Shear and Bending Moment Diagrams

1. Jan 25, 2008

Shear and Bending Moment Diagrams!!

1. The problem statement, all variables and given/known data

2. Relevant equations
Newton's 2nd and 3rd

3. The attempt at a solution

So my main confusion is this:

I found the reaction at A to be 19 kN

If I make a vertical cut through some arbitrary point along the beam and and do some analysis I get:

From the left portion:
$$\downarrow +\sum F_y=0\Rightarrow V-19+3x=0\Rightarrow V=19-3x$$

Now if I take the right portion I get:
$$\uparrow +\sumFy=0\Rightarrow V-10-[3(6-x)]=0\Rightarrow V=28-3x$$

Now which do I use?
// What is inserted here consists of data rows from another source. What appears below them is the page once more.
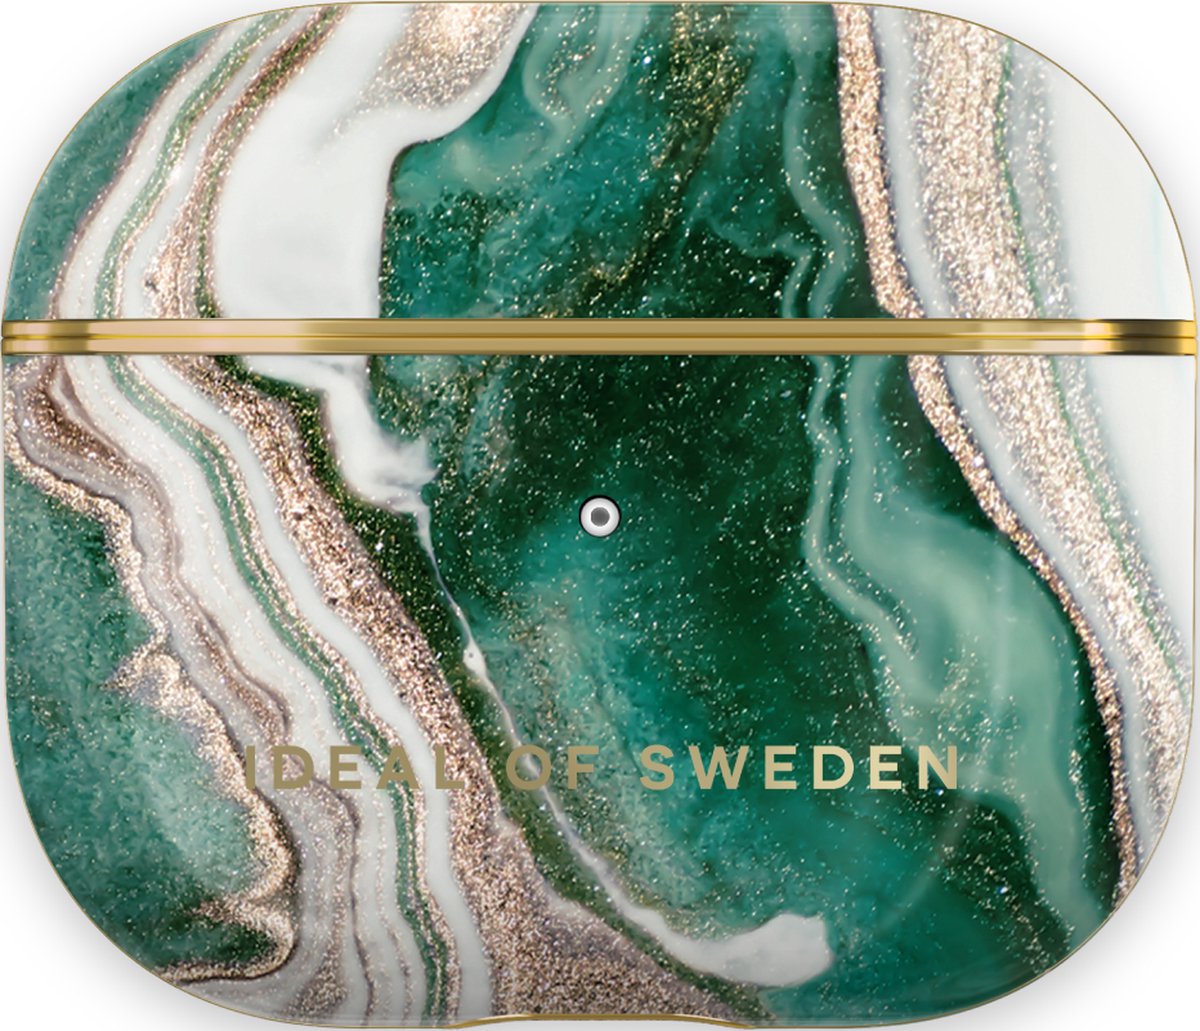 iDeal of Sweden AirPods Case Print Gen 3 Golden Jade Marble
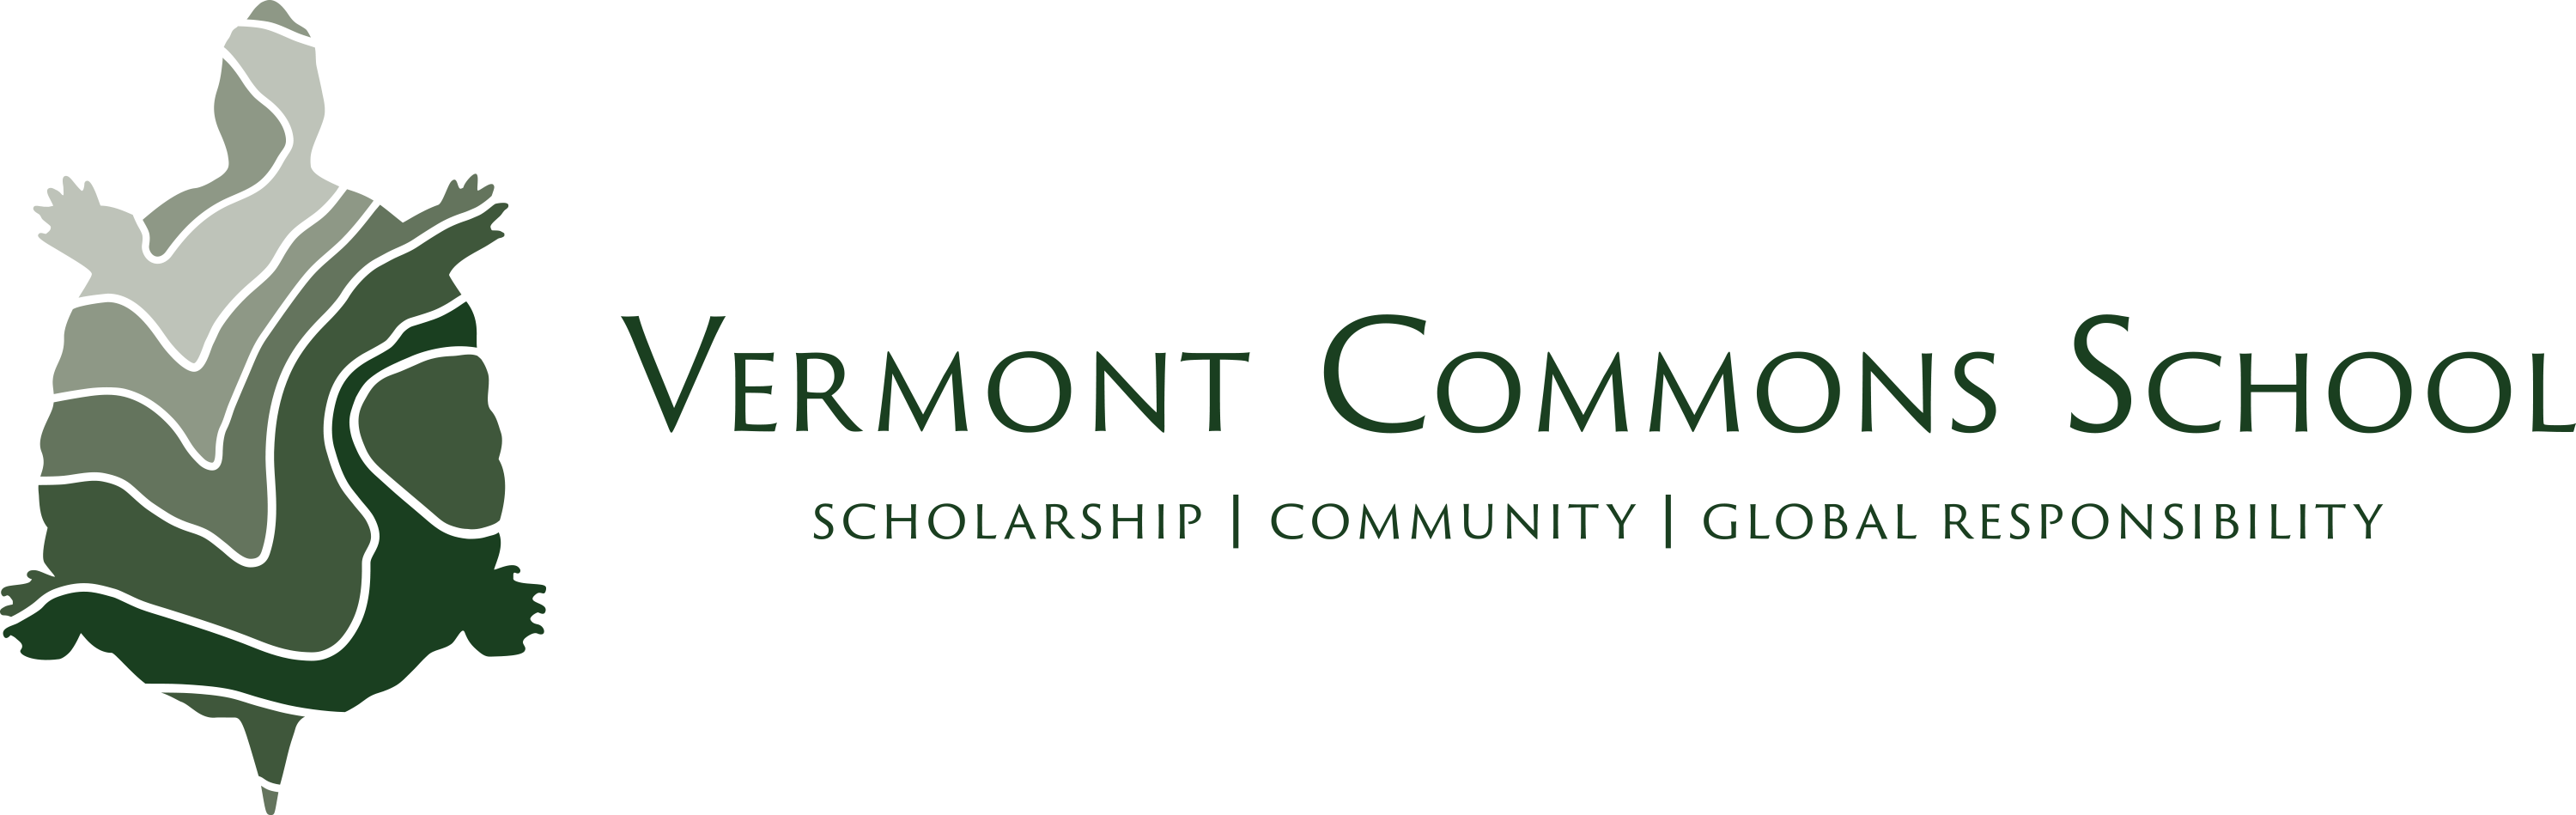 Vermont Commons School
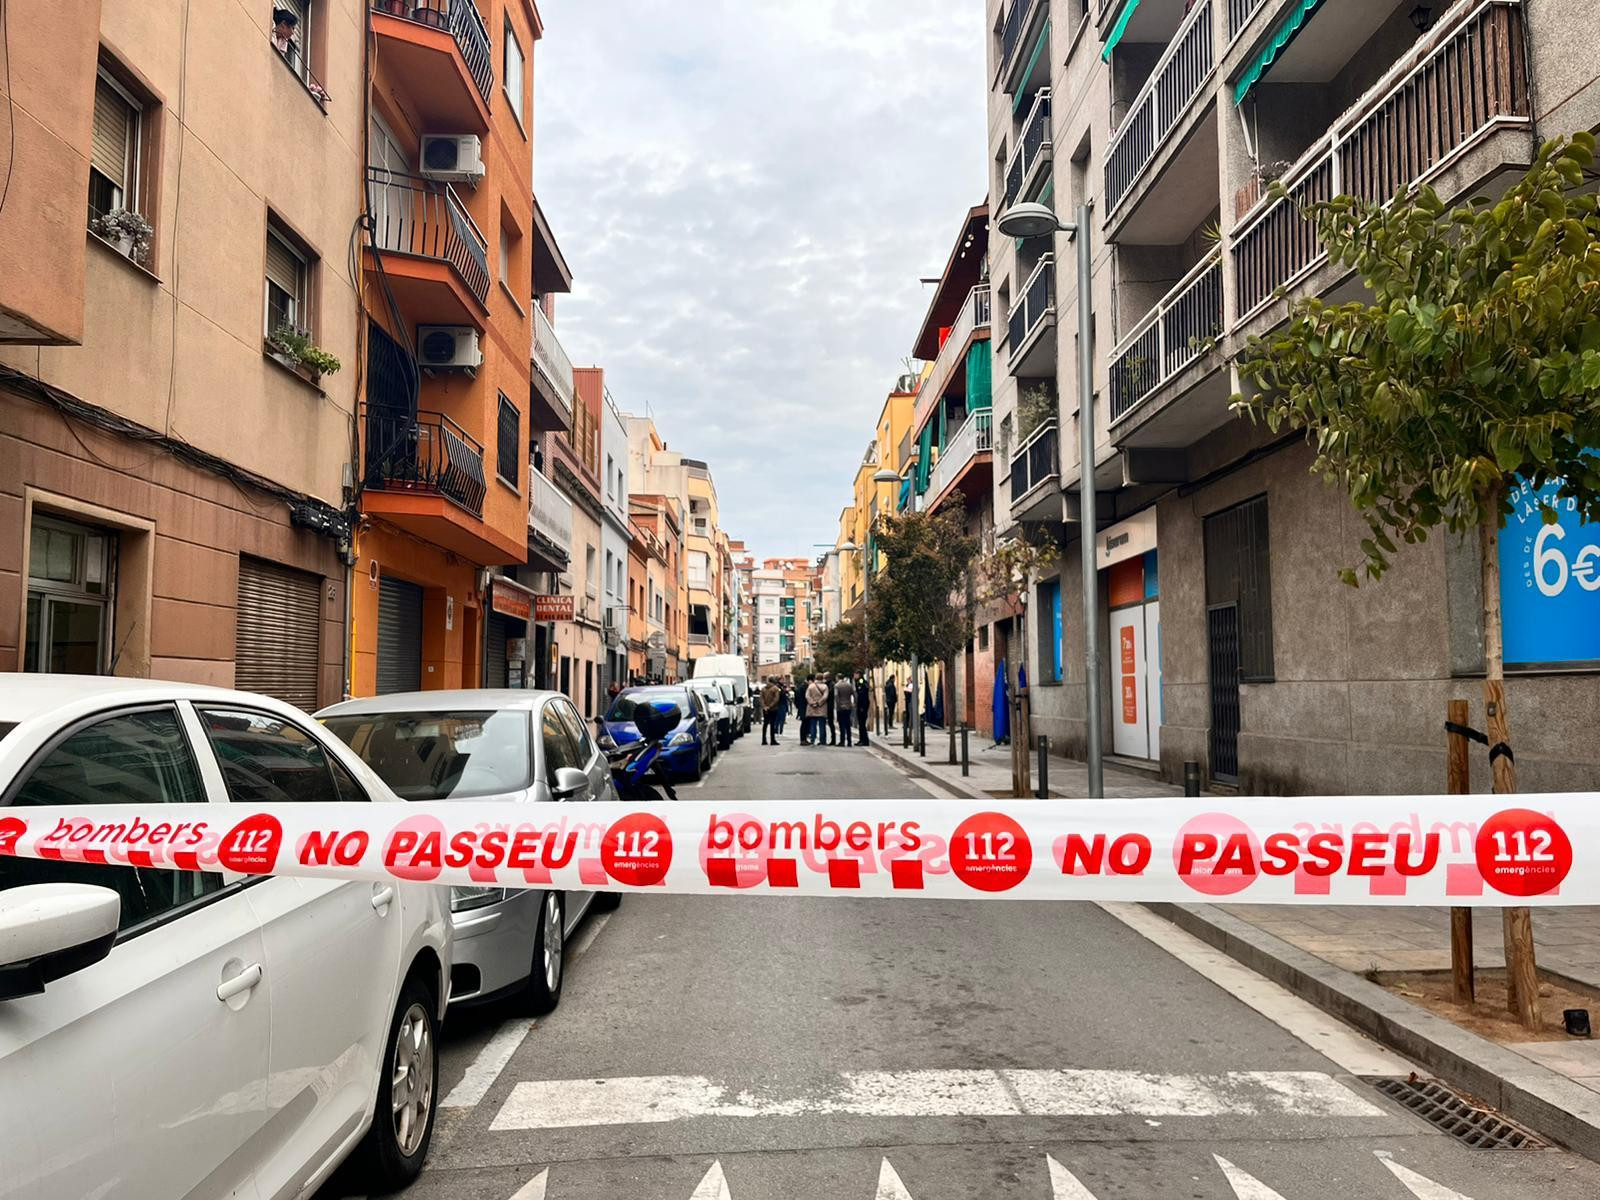 Una cinta de bomberos prohíbe el paso en la calle de Sant Joaquim de Santa Coloma, el lugar del incendio mortal / METRÓPOLI - ÁNGELA VÁZQUEZ
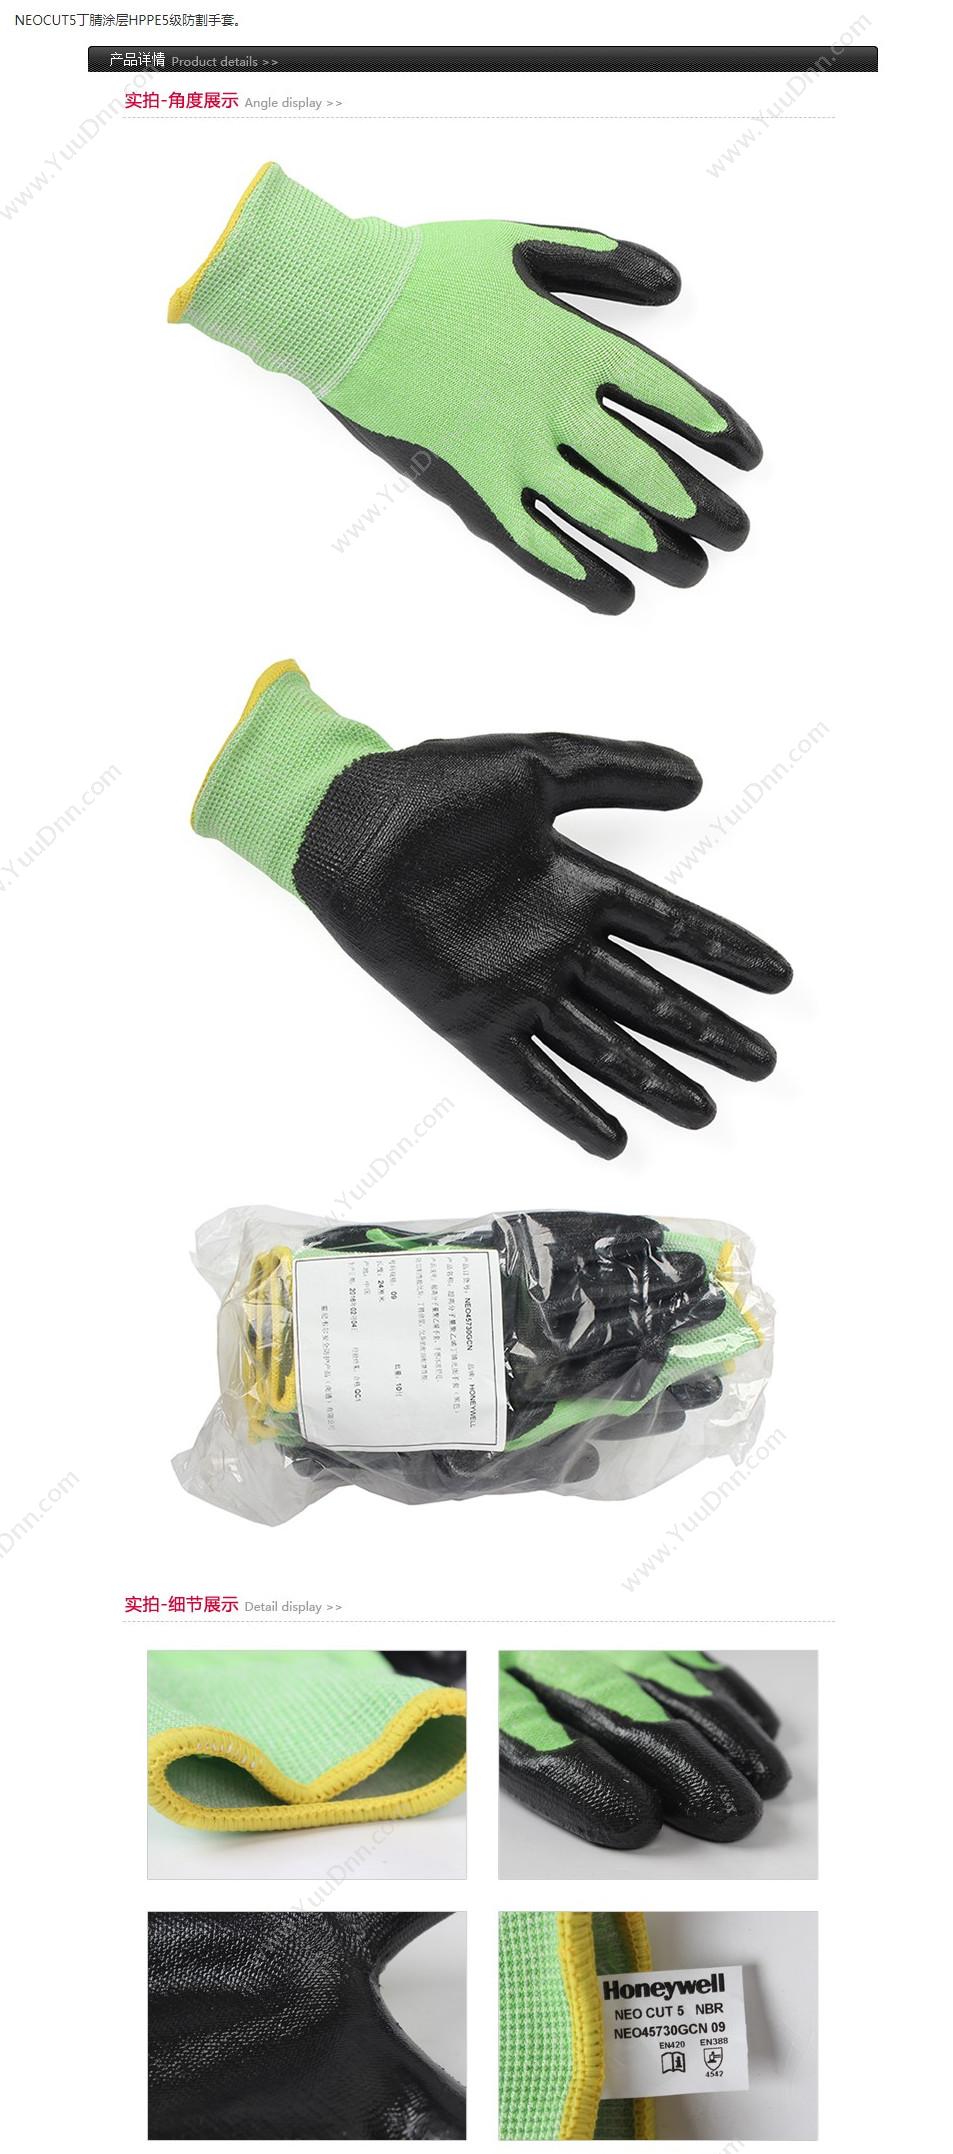 霍尼韦尔 Honeywell NEO45740GCN 经济型 - NEOCUT 高模量聚乙烯 乳胶涂层 08 黑（绿） 10副/包 防割手套

Or How do I go from what I have to a shear diagram?

Last edited: Jan 25, 2008
2. Jan 25, 2008

Or am I making this too difficult? Should I just look at the left portion?

3. Jan 25, 2008

Who am I kidding. . . no one looks in this forum.

4. Jan 25, 2008

Staff: Mentor

5. Jan 25, 2008

Thanks Astronuc. I screwed up my reaction force at A. It should be 28. Thus, the equation is the same.

6. Jan 25, 2008

WHat the hell am I doing now?! Why can't I get this. My shearing function should be the derivative of my moment function, which is not the case. Here's my work.

7. Jan 25, 2008

Pyrrhus

When you cut (section) a distributed force i see you use the incorrect lever arm, you know the force if it was concentraded it'll be acting at the centroid of the figure formed by the distribution force, therefore the lever arm for 3x should be x/2.

8. Jan 26, 2008

How is there no shear at B. If V=28-3x than at B V(6)=28-3(6)=10kn

9. Jan 26, 2008

Pyrrhus

Yes, there is shear at B because of the point load at the end. Astronuc probably didn't notice the point load, because he is correct for the case without it.

10. Jan 26, 2008

Thanks!!

11. Jul 26, 2011

the_red_jeste

Re: Shear and Bending Moment Diagrams!!

given that the problem is one of a cantilever there will be no shear force at B since it is a free end and there is nothing for the beam end to bear upon or shear across.